Well, al-Nahw al-Wafy talks about maqsur *nouns*, and Wright doesn't (or if he does I haven't found it). But the latter mentions alef maqsura in the context of talking about the letters, whereas I haven't found any mention of it in the former (4 volumes, about 800 pages each - I can't say it isn't in there somewhere.) So the notion of a maqsur with respect to nouns is clear (and can be found in classical works of Quranic i'rab), but the naming of the letter remains a minor mystery to me. Maybe it's simply graphical, and refers to the length of the graphically shortened alif above the yeh form.

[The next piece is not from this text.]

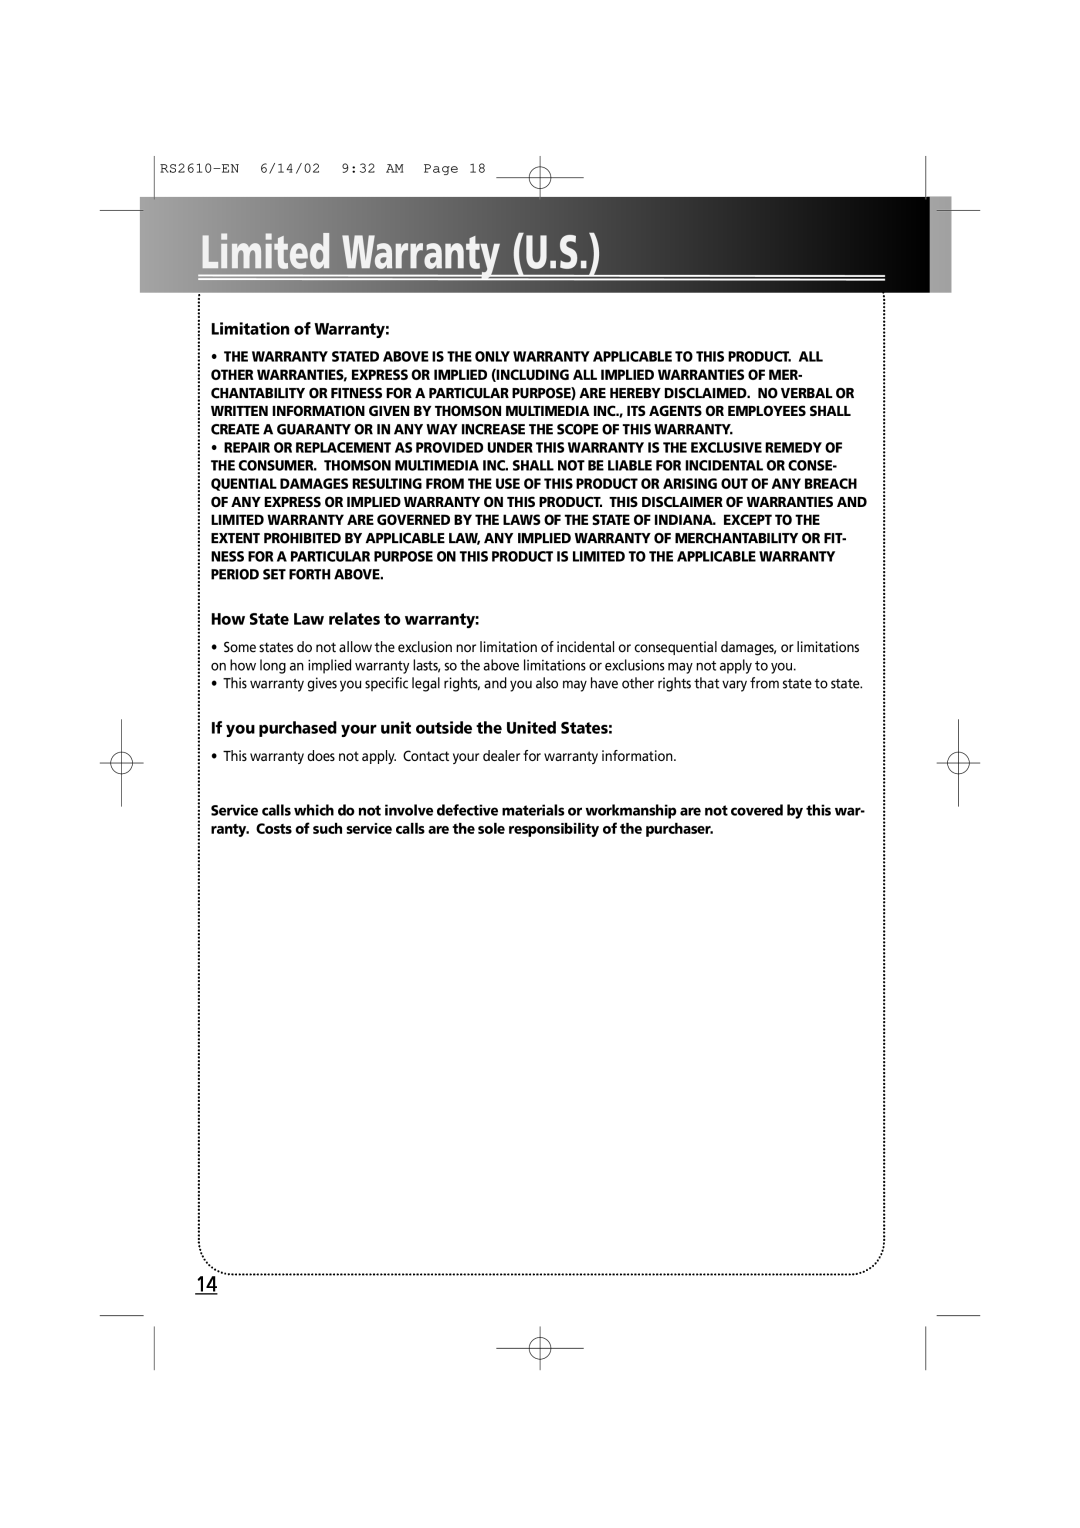 RCA fm radio tuner manual Limited Warranty U.S, Limitation of Warranty, How State Law relates to warranty

<<The question remains as to why they chose dotless yeh to carry the small alif, instead of some other graphical convention.>>

Well, actually there was no small alef to begin with as you may know.
There was the dotless yeh and the small alef was later put on it.
Maybe a more interesting question is how Arabic orthography evolved
in the 5th and 6th centuries such that a yeh was used for the 'a'
vowel sound. I thought the choice of yeh was a consequence of Arabic
grammar rules but my Arabic grammar is not strong enough to point to
what rule it would be..

My latest speculation is that they just needed something graphically distinct to put at the end of the word. But also, it may be that they classified the sounds of yeh and alif together - there's a little essay about the letters at the beginning of my copy of Lisaan al-Arab that makes that sound maybe kinda possible.